Пэйринг и персонажи
Метки
Описание
Покориться коварной судьбе, или же попытаться пойти против?
Примечания
Первая часть: https://ficbook.net/readfic/10347977
Часть двадцать пятая
23 февраля 2025, 12:40
Ева рухнула на грязные камни, едва удерживая ребёнка в руках. Воздух ударил в лёгкие тяжёлым, влажным запахом — рыба, мокрая земля, дым от костров и человеческий пот.
В ушах стоял гул голосов, топот ног, крики торговцев, звон колоколов, извещающих о полудне. Она с трудом подняла голову, вокруг суетились люди, но никто не обращал на неё внимания.
Она никогда не видела столько людей сразу — толпа текла мимо, как река, не замечая её падения. Её мир до этого был лесами, тишиной и холодными залами, а здесь всё двигалось, кричало, дышало
Старуха с корзиной рыбы бросила на неё быстрый взгляд, но тут же отвернулась, пробормотав что-то о нищих. Ева сжалась, боясь, что любой взгляд может выдать её
Портал сбился. Это не то место, куда она должна была попасть.

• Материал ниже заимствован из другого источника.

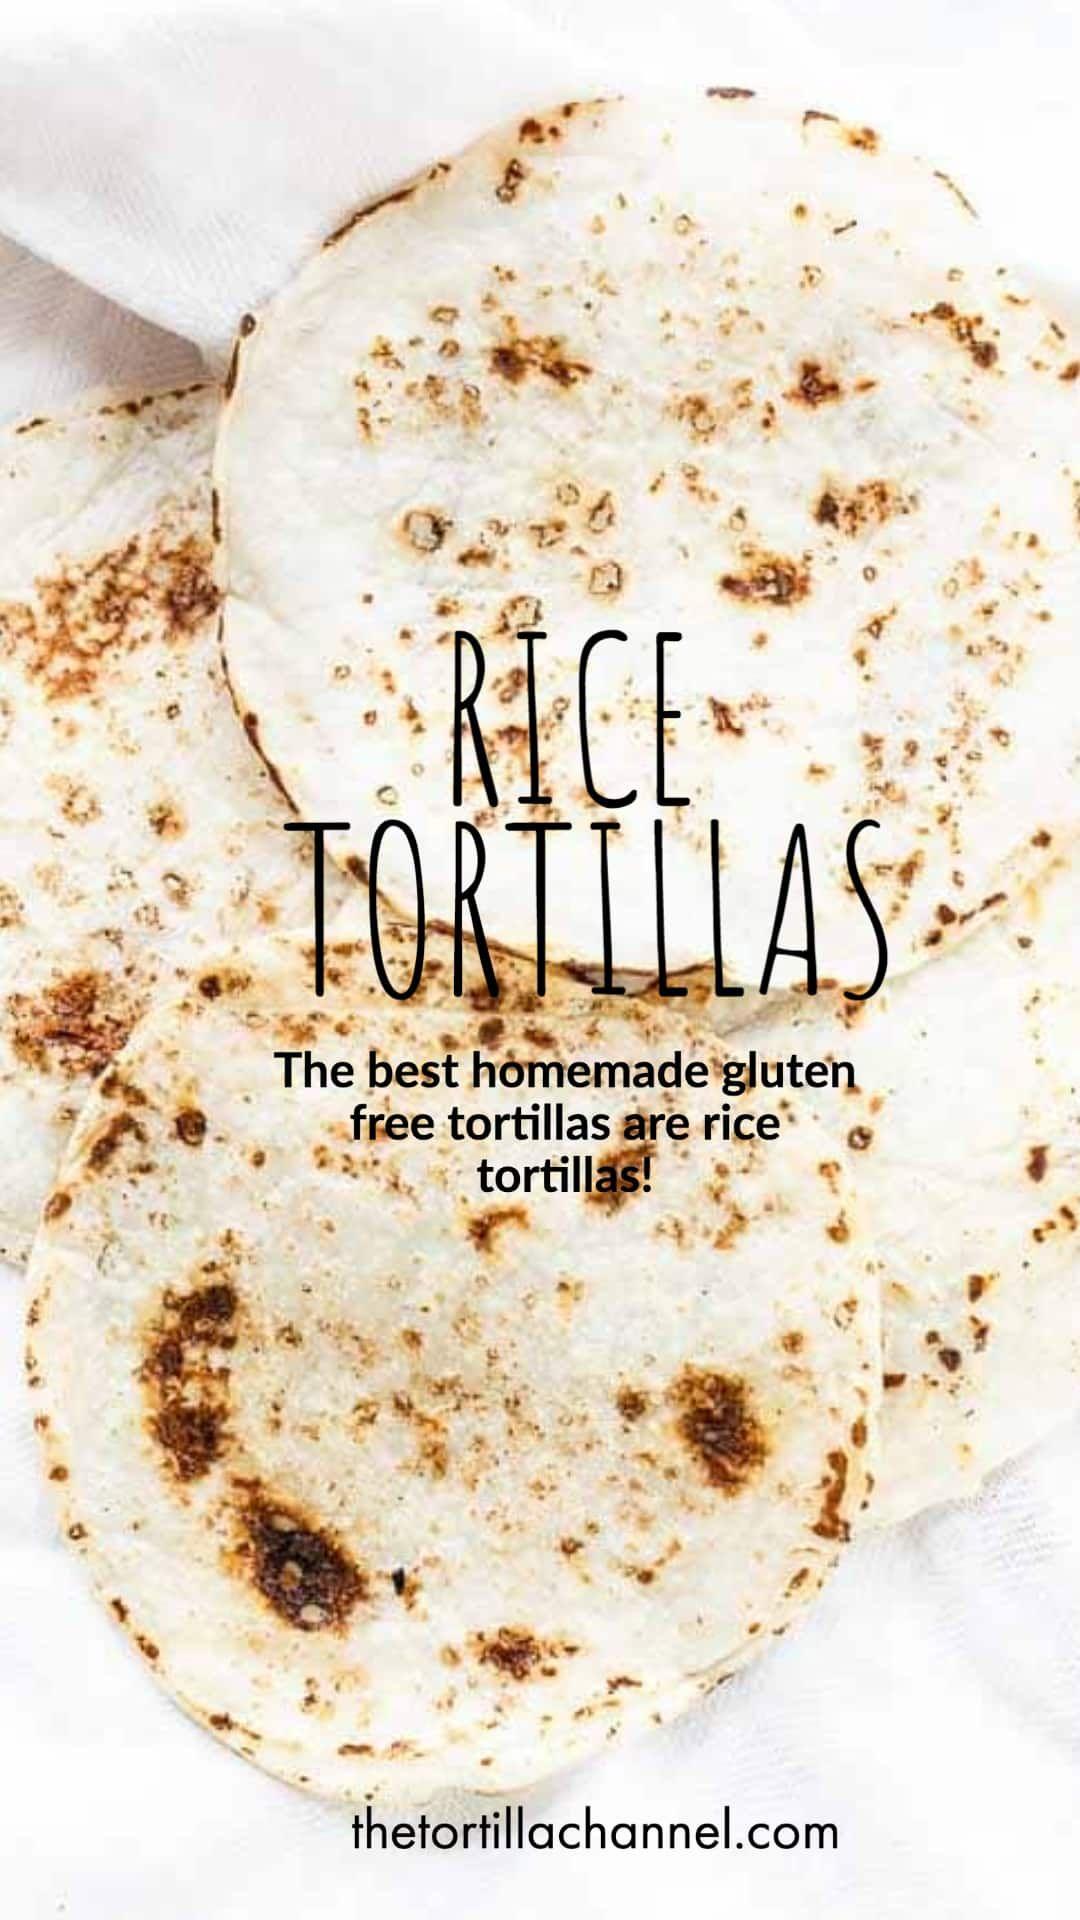 Rice Flour Tortillas Recipe in 2020 Homemade gluten

Её ноги дрожали от усталости, дыхание сбивалось. Она прижала ребёнка ближе, чувствуя его тепло сквозь ткань одеяла. Малыш слабо пошевелился, выпуская тихий, требовательный звук. Ева шепнула, едва дыша:
— Где мы?.. Что теперь?..
Колени подогнулись, и она едва не упала снова, грязь хлюпнула под её ладонью. Голова кружилась, в глазах мелькали пятна — последствия магии портала или просто страх?

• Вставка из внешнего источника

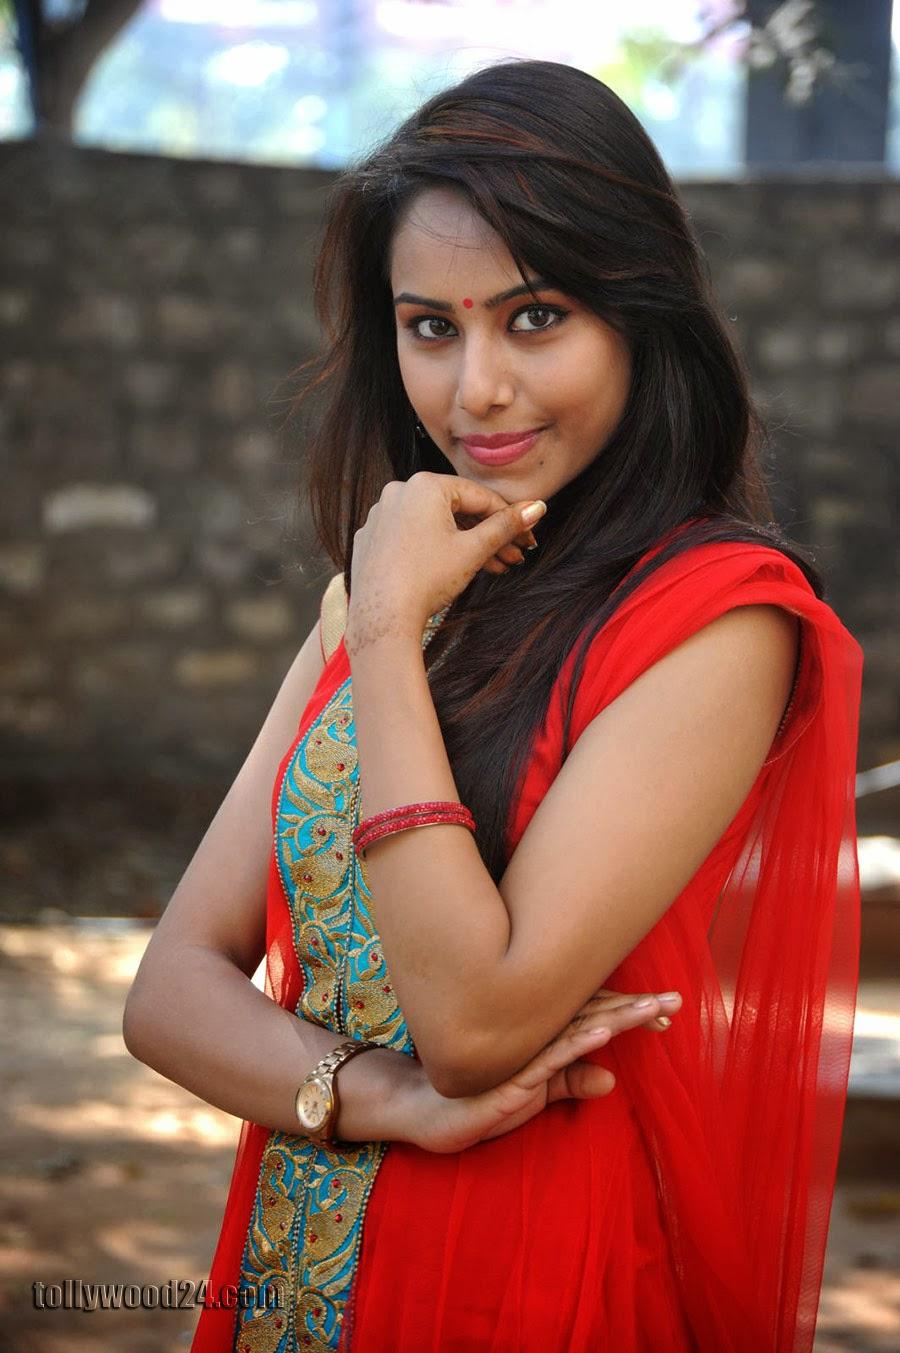 Beautiful Khenisha Chandran Photos Gallery-HQ-Photo-4

Её руки дрожали, но не от холода, а от страха. Если Aen Elle всё ещё ищут её, то у неё мало времени. Она осторожно откинула край одеяла, вглядываясь в маленькое личико.
Ребёнок был ещё слишком мал, но черты уже начинали прорисовываться. Самое главное — глаза. Эти холодные, серо-голубые глаза, слишком знакомые, слишком отчётливые. Глаза Имлериха.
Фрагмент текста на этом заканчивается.